Dari gerakan sipil yangtumbuh dalam era reformasi, Mugi melihat terdapat dua kecenderungan utama yaitu;
Pertama, adalah munculnya gerakan masyarakat sipil yang konservatif dengan mengusung isu suku, agama, ras, berbagai politik identitas dan aksi-aksi teror/kekerasan organisasi milisi sipil/kepemudaan yang bertentangan dengan nilai-nilai demokrasi, kemanusiaan (Ham) dan pluralisme. Dan ironisnya gerakan sipil konservatif ini jauh lebih teroganisir sehinga mampu mendominasi ruang demokrasi dan membangun opini, selain tentu saja dukungan dari elit politik dan organissi politik Orde Baru baik secara politik maupun logistik.
Kedua, gerakan masyarakat sipil yang menuntut penegakan Ham, demokrasi dan pluralisme diantara warga-bangsa Indonesia. Gerakan ini berjasa besar, bahkan menjadi korban utama dalam proses menuju era reformasi. Namun setelah reformasi tercipta kekuatan ini terserak dan muncul dalam berbagai organisasi, kegiatan dan aktivitas, baik yang bersifat politik praktis, LSM, maupun dalam berbagai gerakan sosial yang ada. Maraknya ornganisasi masyarakat sipil ini memang patut dihargai, sebagai buah reformasi, namun bila ‘kemarakan’ menghasilkan gerakan yang kecil-kecil dan berserakan, maka dampaknya adalah tidak mempunyai kekuatan tawar dan daya tekan yang kuat, baik atas negara/pemerintah, maupun ketika berhadapan dengan gerakan masyarakat sipil yang konservatif.

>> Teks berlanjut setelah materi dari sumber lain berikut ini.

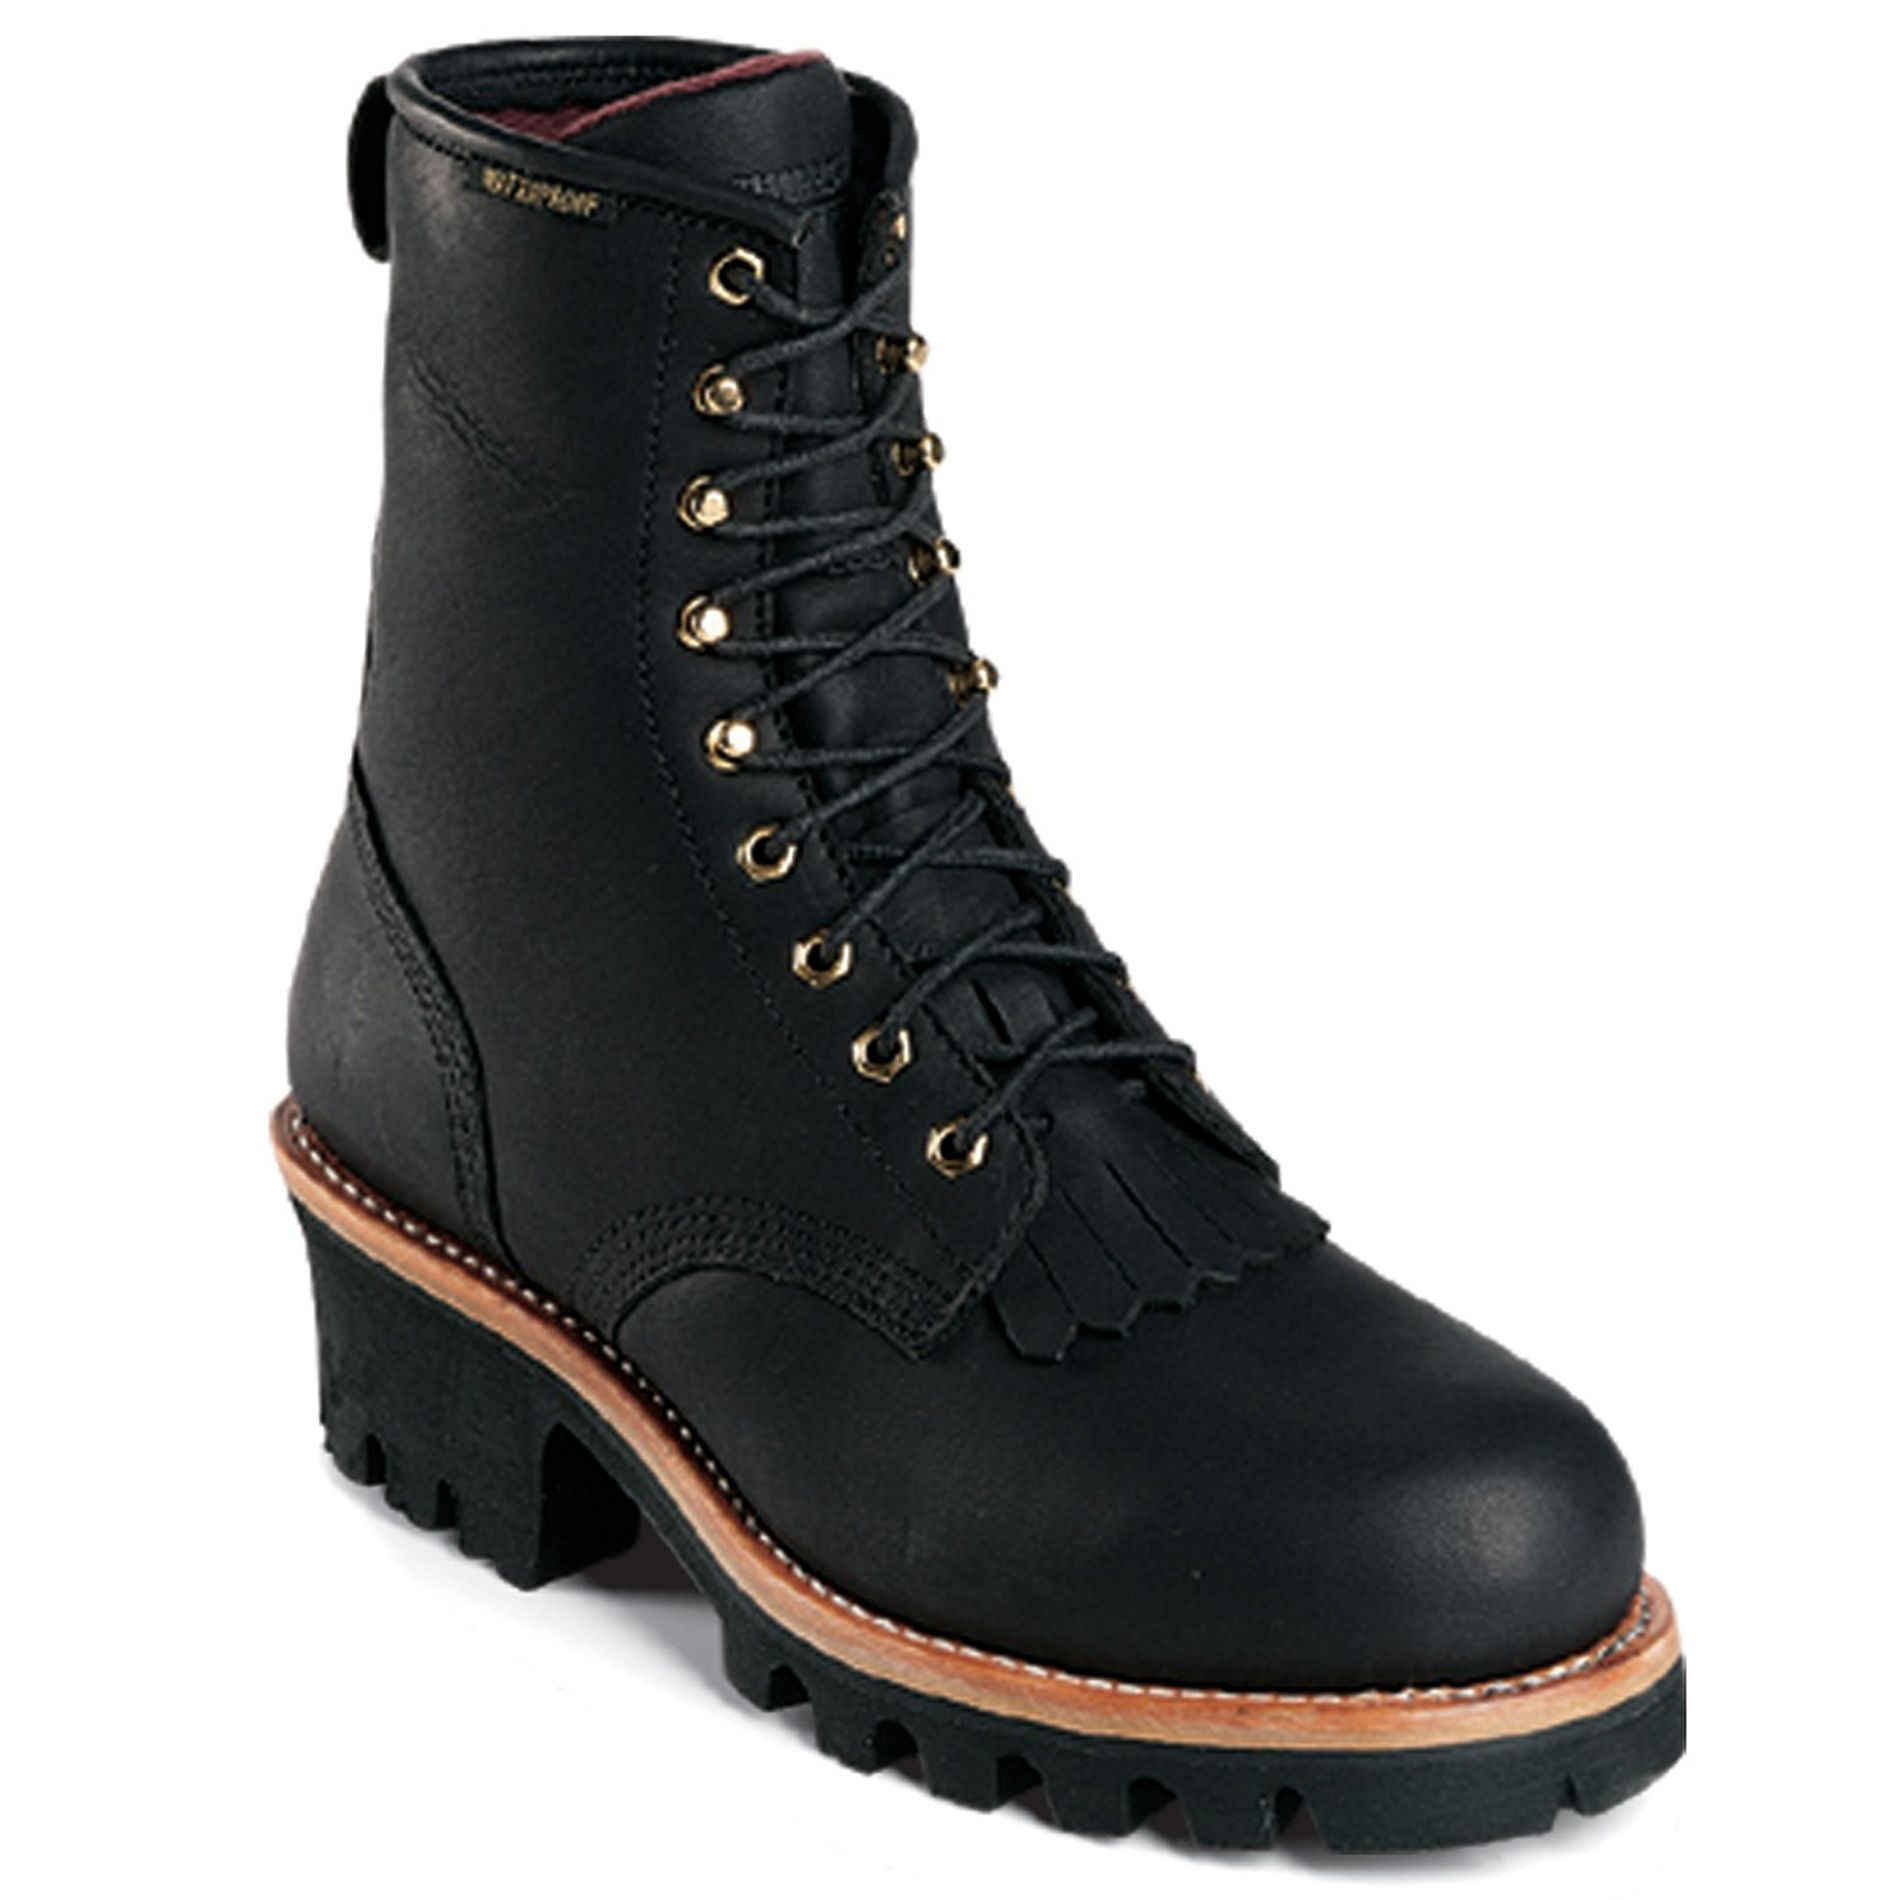 Men's 73050 8" Steel Toe Waterproof Insulated Work Boot - Black

Dalam rangka mengatasi berbagai sekat-sekat tersebut, Orda IKOHI Jabodetabek diharapkan dapat menjadi semacam ‘jembatan’ untuk membuat suatu jaringan bagi gerakan korban di Jabodetabek untuk melakukan perjuangan secara programatik dan bersama-sama. Sehingga terjadi solidaritas dan saling mendukung diantara sesama korban serta dengan berbagai organisasi/lembaga dan individu yang memberikan dukungan dan komitmen pada penegakan Ham dan demokrasi.
Pembicara kedua, Ita F, Nadia dari Komnas Ham menyoroti pentingnya untuk memahami peta politik Ham ditingkat Global, nasional dan lokal. Sebab ketiganya saling kait-mengkait dalam upaya penegakan Ham di Indonesia. Dalam kasus tragedi 1965 dicontohkan olehnya, maka yang harus dituntut tanggung jawab bukan hanya negara Indonesia, tapi juga pemerintah Amerika Serikat yang mendukung dan terlibat didalamnya dengan aktif. Karena itu wajar bila proses penegakan Ham kasus 1965 juga akan berhadapan dengan politik konservatif Amerika serikat.
Dalam politik ‘Islam kanan’, demikian lebel yang diberikan oleh mbak Ita, mengacu pada gerakan politik Islam sekarang ini yang mencoba memajukan ideologi Syariat Islam, juga merupakan sebuah gerakan global, yang terkait dengan berbagai jaringan gerakan islam internasional yang hendak mendirikan negara Islam. Karena itu menurutnya, lahirnya Perda-Perda berbau Syariat Islam adalah semacam gerilya politik yang ujungnya adalah hendak mengubah konstitusi menjadi mirip Piagam Jakarta dan akhirnya membentuk negara berbasiskan syariat Islam.
Dalam strategi melakukan perlawanan, mbak Ita memajukan apa yang ia sebut sebagai ‘politik narasi’. Politik narasi ini dilakukan dengan cara melakukan sejarah lisan dimana para korban Ham--dalam kasus ini ia mengambil contoh korban 1965—dimana Komnas Ham berkerja sama dengan kelompok muda Nu Sariat di Yogya dan Elsam melakukan pengumpulan data dari para perempuan korban 1965 dengan program ‘Tutur Perempuan” dibeberapa kota. Narasi-narasi dari para korban ini dijadikan suatu ‘alat’ untuk melawan hegemoni atau politik negara yang sesat, tidak berdasarkan fakta dan sarat dengan muatan kepentingan politik kekuasaan yang jauh dari obyektif. Politik narasi ini lalu membangun sebuah wacana baru yang pro wacana korban.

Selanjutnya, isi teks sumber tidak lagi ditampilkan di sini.